Inflammation has been recognized as a critical factor in the development and progression of I/R injury. Specifically, inflammation is an important mechanism to initiate and maintain renal cell injury as it potentates both necrosis (26, 27) and apoptosis (11–13). Early in the 1980s, Romson and coworkers (34) observed that neutrophil depletion reduced myocardial injury resulting from temporary artery occlusion. Similarly, prevention of PMN adherence using a monoclonal antibody against the β-chain of the CD18 complex significantly attenuated I/R-induced microvascular permeability in the intestine (19). Neutrophil invasion of damaged tissues constitutes the local inflammatory response in part by releasing their lysosomal constitutes including MPO. MPO, a 140-kDa protein present in the cytoplasm of neutrophils, represents one of the most abundant enzymes released on neutrophil activation (21). Renal I/R injury is associated with neutrophil infiltration (18) and increased tissue MPO activity (29, 32). A definitive role of MPO in renal I/R injury is recently demonstrated using MPO knockout mice (MPO −/−) (30). These mice exhibited improved renal function after I/R compared with their wild-type controls. Interestingly, MPO release by activated neutrophils is important for the activation and adherence of other neutrophils (20, 22). In line with this notion, neutrophil accumulation was significantly reduced in Mpo −/− mice (30). As expected, we found that I/R vehicle-treated mice had a marked increase in renal MPO levels compared with sham controls.
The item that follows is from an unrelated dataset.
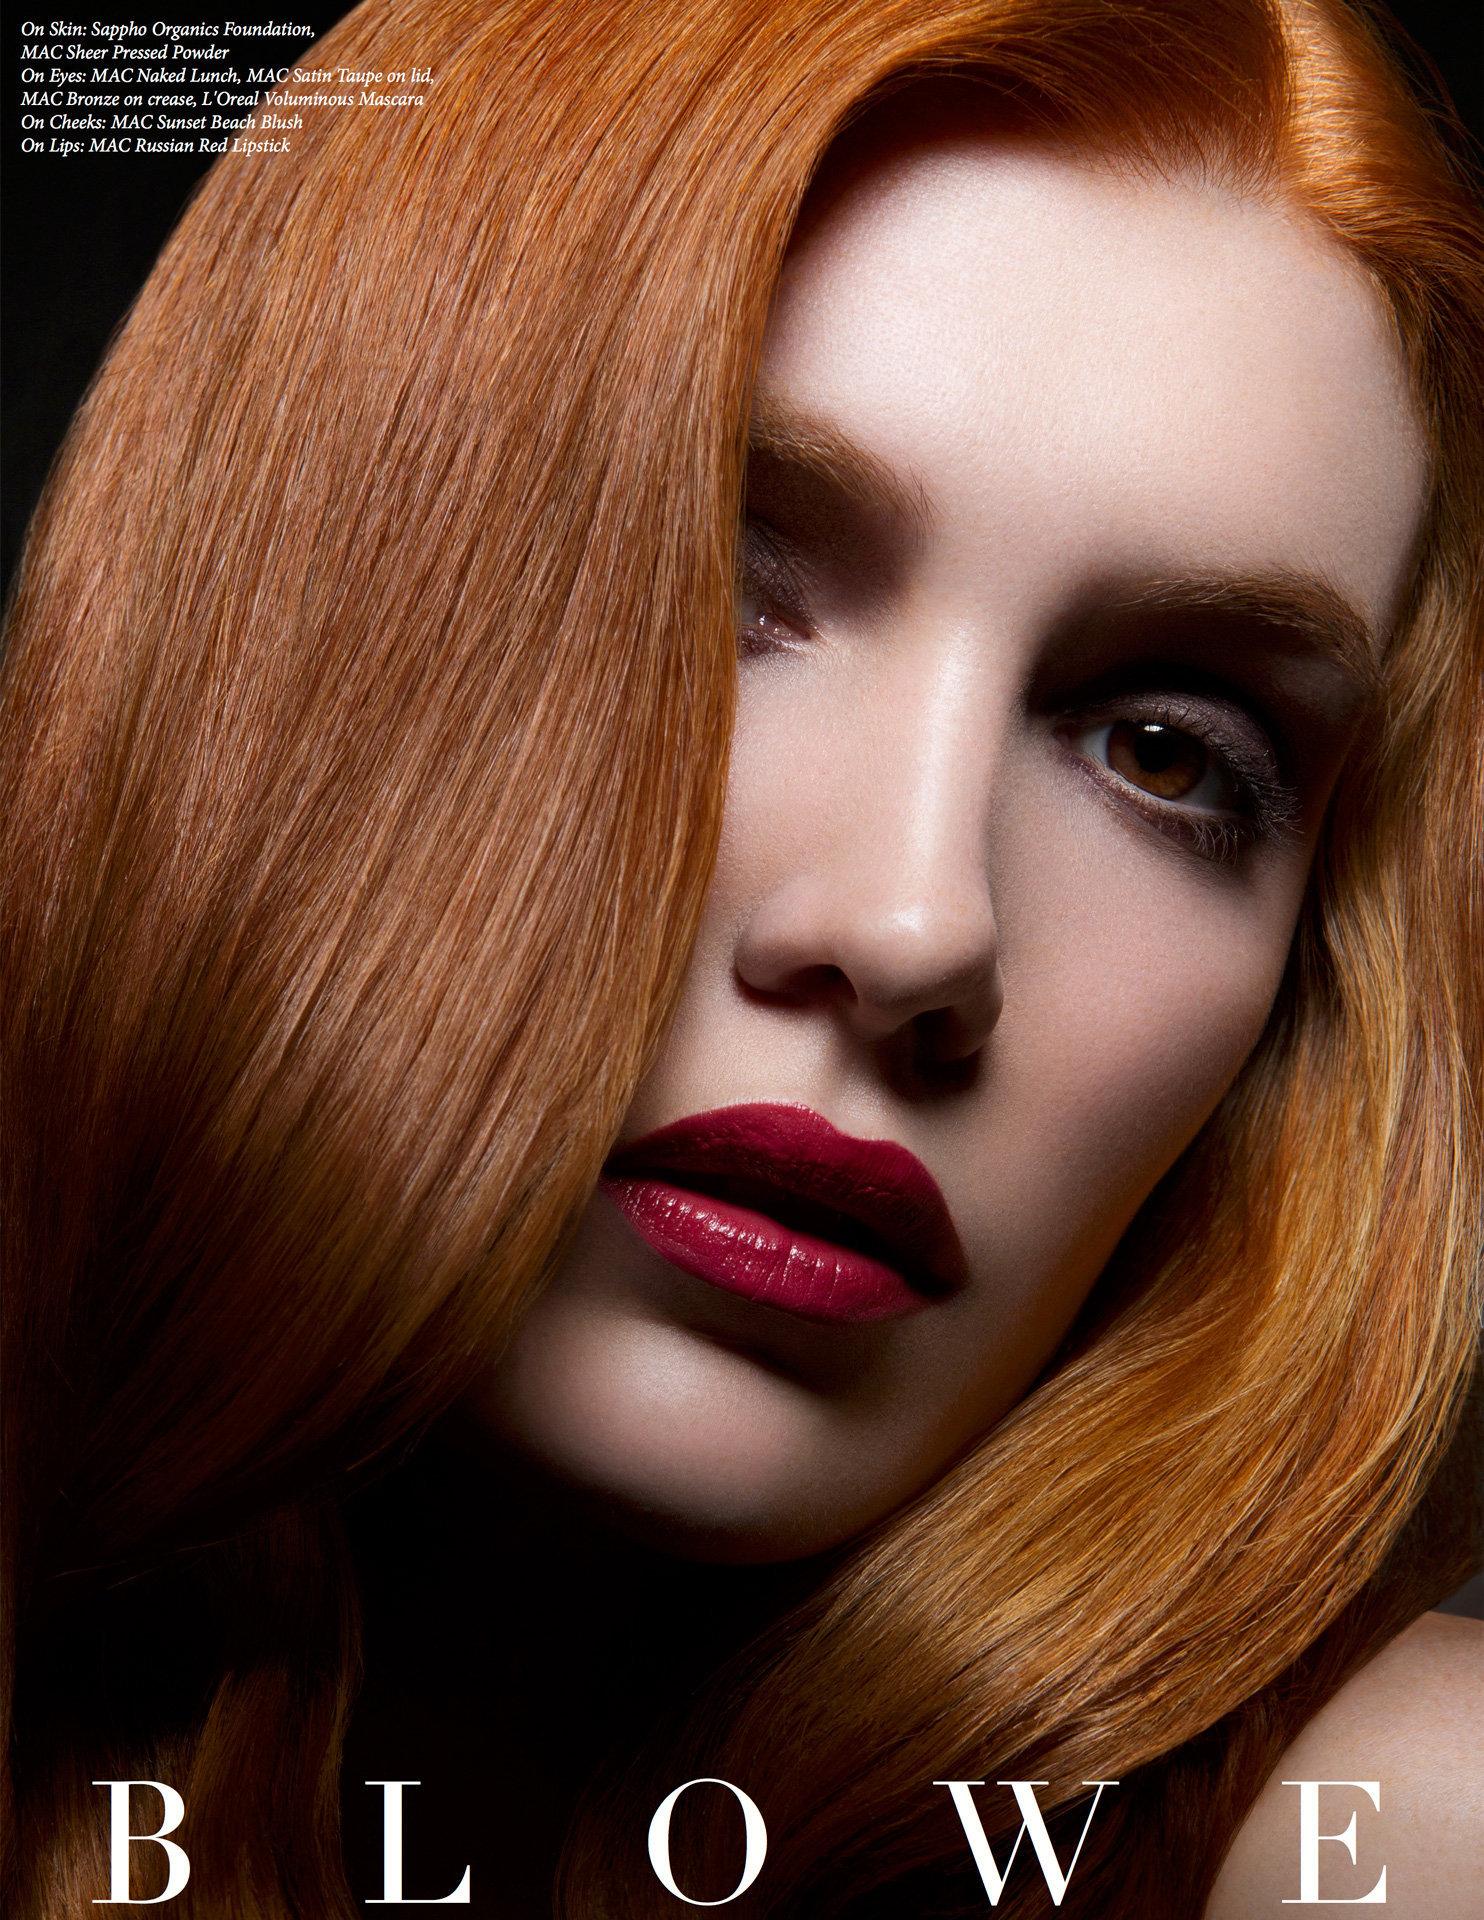 The-Flame-1-Blowe-_04_gabe_toth_dylan_k_hanson_haircreative direction-web.jpg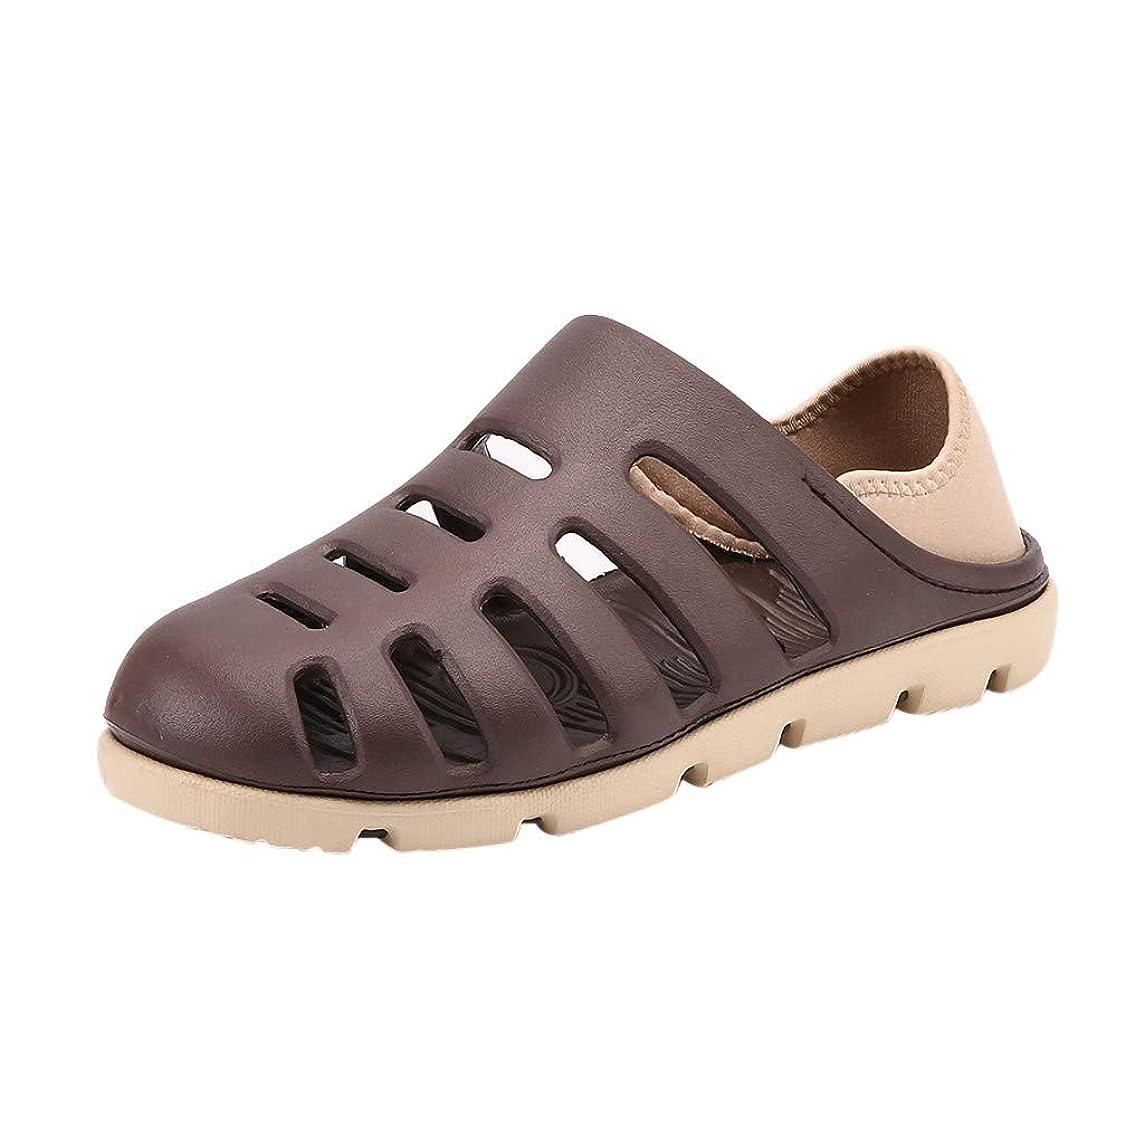 Sunhusing Summer Men's Flat Bottom Breathable Antiskid Light Slippers Beach Hollow-Out Hole Shoes Sandals

Strikingly, the rise of MPO after I/R was almost completely blocked by delayed administration of OA-NO2, suggesting that inhibition of neutrophil activation may represent a primary mechanism for the renoprotective action of the nitrated lipid. Indeed, there is in vitro evidence that LNO2 inhibited phorbol 12-myristate 13-acetate- or N-formyl-Met-Leu-Phe-evoked neutrophil activation, as assessed by measurements of superoxide generation, Ca2+ influx, elastase release, and CD11b expression (8).
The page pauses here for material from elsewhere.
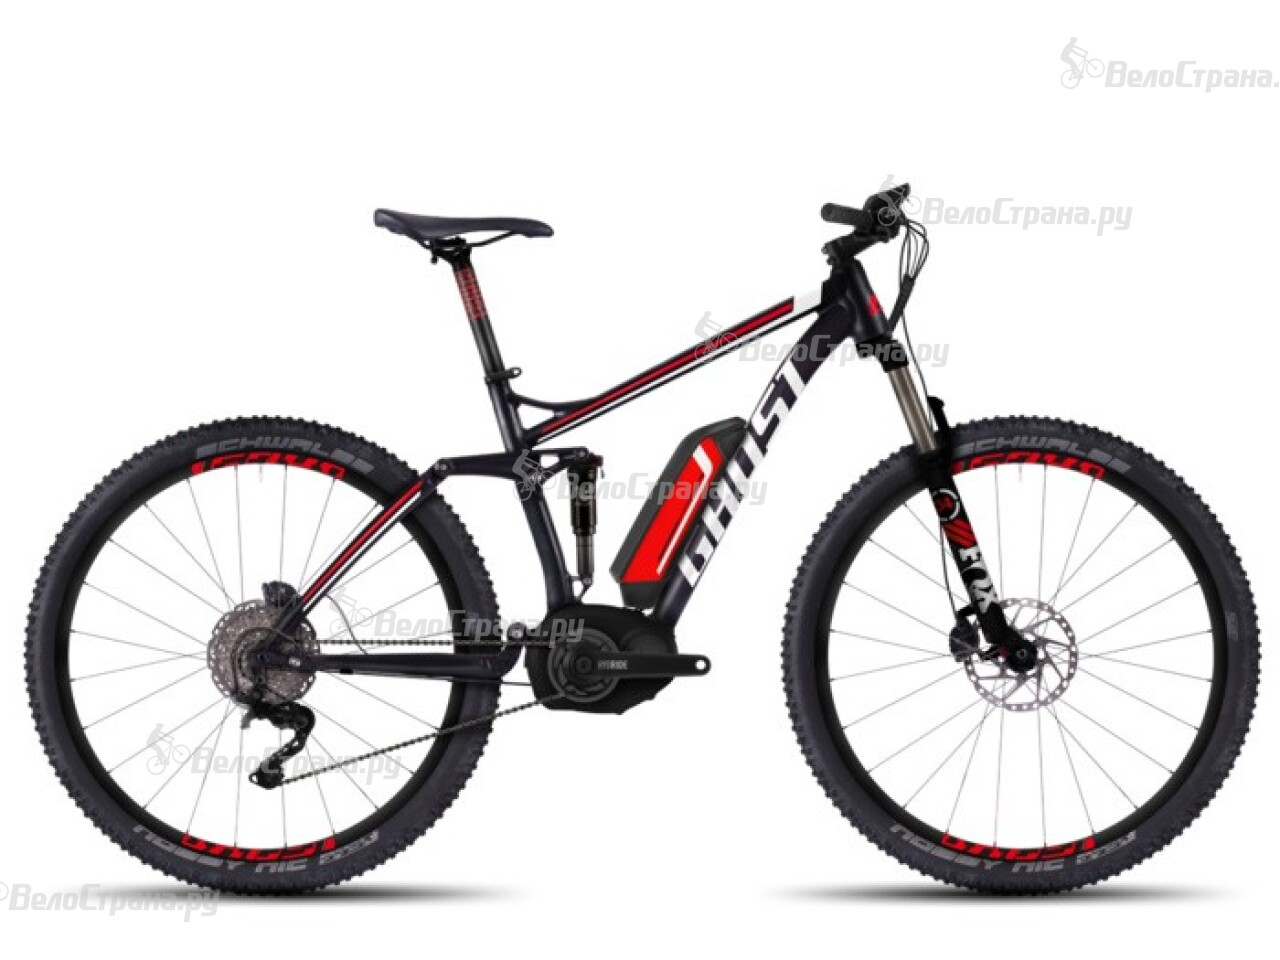 Велосипед Ghost Teru FS 7 (2016) велосипед challenger mission lux fs 26 черно красный 16

A major superoxide-generating system in activated neutrophils is NADPH oxidase, which is composed of membrane-associated subunits, p22phox, gp91phox, and cytosolic subunits, p47phox, p67phox, and p40phox. Among these subunits, gp91phox and p47phox are of particular importance as the former contains the catalytic domain and the latter is necessary for cytosolic subunit translocation and for initiation of NADPH oxidase assembly (3, 14, 15). We found that OA-NO2 was effective in reducing I/R-induced expression of both gp91phox and p47phox. Considering that the activated neutrophils may constitute a major source of ROS production during I/R, it seems reasonable to speculate that the reduction of NADPH oxidase expression by OA-NO2 might be the result of reduced neutrophil infiltration. It is also possible that OA-NO2 may exert a direct inhibitory effect on gene expression of NADPH oxidase. Of note, OA-NO2 treatment produced a nearly complete blockade of I/R-induced increases in renal TBARS, which cannot be fully explained by the partial effect on NADPH oxidase expression. Therefore, it seems reasonable to speculate that other sources than NADPH oxidase may also contribute to I/R-induced ROS generation and may serve as an additional target of OA-NO2.
In the present study, the anti-inflammatory properties of OA-NO2 in the mouse model of renal I/R injury was also evidenced by amelioration of the production of proinflammatory cytokines (i.e., TNF-α and IL-1β) and adhesion molecules (i.e., ICAM1), which may involve not only neutrophils but also other inflammatory cells such as macrophages and lymphocytes. We found that OA-NO2 significantly reduced I/R-induced increases in renal IL-1β, and ICAM1 expression and circulating TNF-α. In general, these findings agree with the observation that LNO2 and OA-NO2 exerted a direct inhibitory effect on secretion of various proinflammatory cytokines as well as the NF-κB activation in RAW264.7 macrophages exposed to lipopolysaccharide (10).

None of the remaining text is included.